Quote from janus007:
Hi Wayne
I have been thinking about storing ticks as binary files, I haven't tested it though, but it could be interesting.
To BLOB or Not To BLOB: Large Object Storage in a Database or a Filesystem
http://research.microsoft.com/apps/pubs/default.aspx?id=64525
Excellent reference on BLOBS!!!
Okay, here's some facts.
The article recommends that objects less than 256K be stored in the database.
When collecting full ticks with every changed of the dom, that's currently about 100Megabytes per week on a single currency pair.
(I'm actually planning to add a binary diff between ticks since they have minimal change between ticks--to reduce the file size.)
Still it will be over 100 Megabytes per week.
That 100 meg file takes about 2 seconds to load into memory without the engine running.
I don't think making a separate BLOB per day makes sense.

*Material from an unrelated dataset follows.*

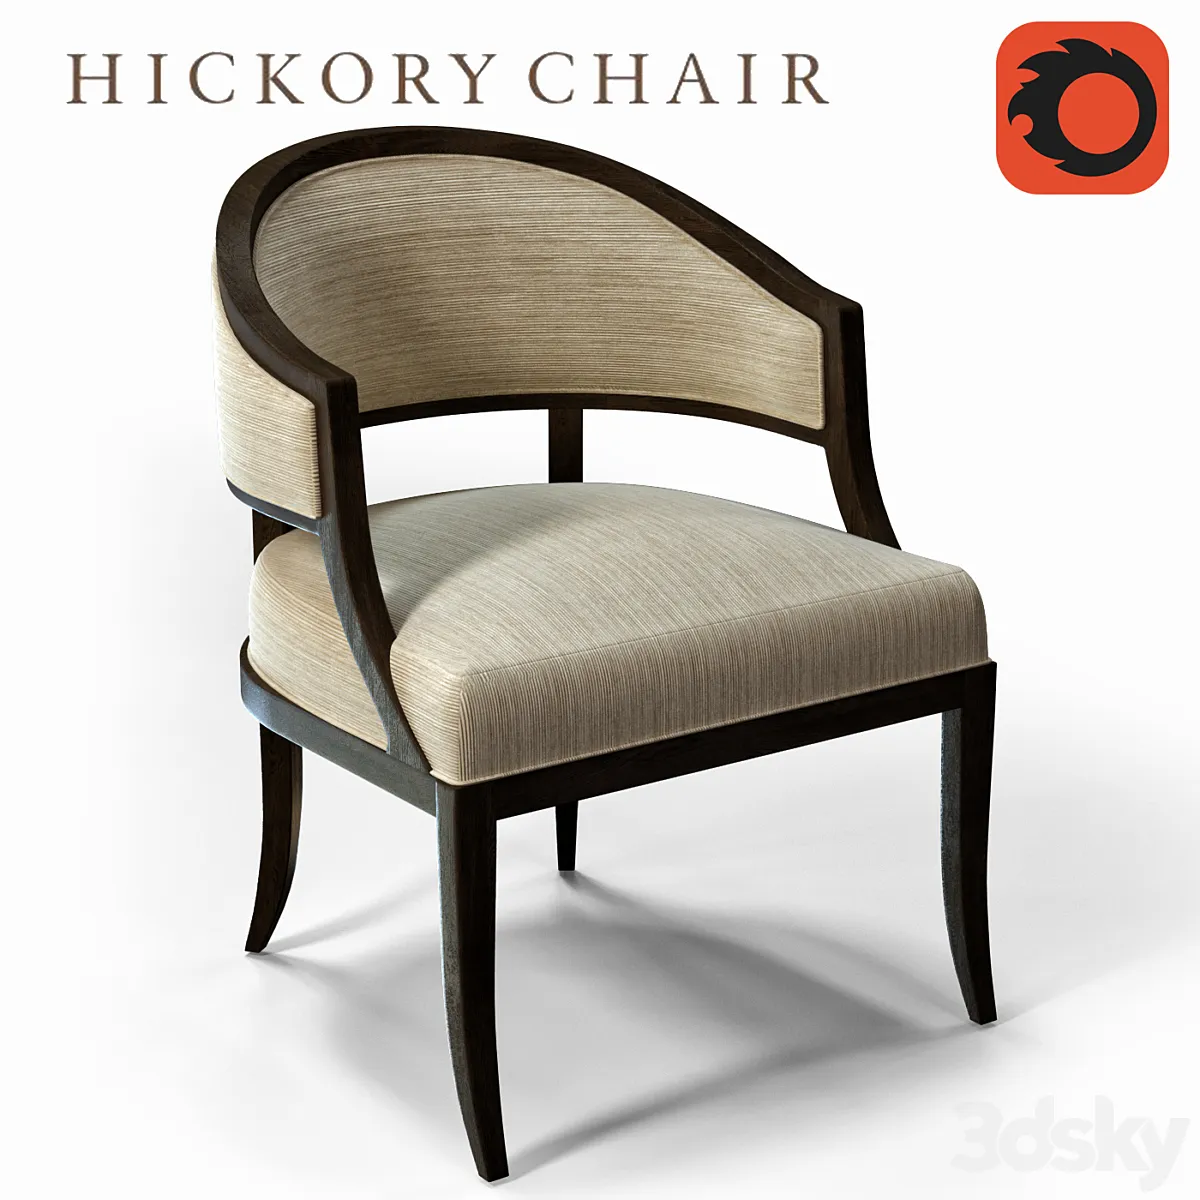 Hickory Chair Claude Chair 5412 23 1170289.594d406c46fd6

Too granular.
Weekly blob is fine.
Therefore that article recommends the file system be used for files that size. I agree.
Folks, it will be a lot easier when sharing these files to just receive a file and plop it into the right folder so TickZOOM can find it than to have to load into some database.
Of course, if it's not already in TickZOOM format, you will need to run a conversion.
Also, there's an API to select ticks if you need to for some purpose--the same API TickZOOM uses to load ticks. Just submit a symbol and date range.
So, especially after reading that article, I plan to go with a data folder which has a sub folder for every symbol used. Within each symbol folder it will have one folder per year.
Inside each yearly folder will have just weekly tick files.
The tick files will have a header which has handle for every 10000 ticks in the file. Each handle gives the timestamp and file offset.
A weekly file will have approximately 1 million ticks.
At 10,000 ticks per "chunk" that makes around 100 handles.
So for every new file the engine creates it will reserve a header with space for 2048 handles (for potential expansion).
It will endeavor to store the entire week in that one file and mark the offset to every chunk in the process.
NOTE: One feature I would like to see is for TickZOOM to list the available symbols and date ranges available.
So on startup, TickZOOM can scan all the headers and make an index.
It can automatically check file modification dates in the directories at each startup to see if there's a new file dropped in.
Doesn't that solve it?
Databases only give value when objects or rows need to reference each other like joins or object references.
In the case of ticks, there's none of that. Just raw time series data.
Sincerely,
Wayne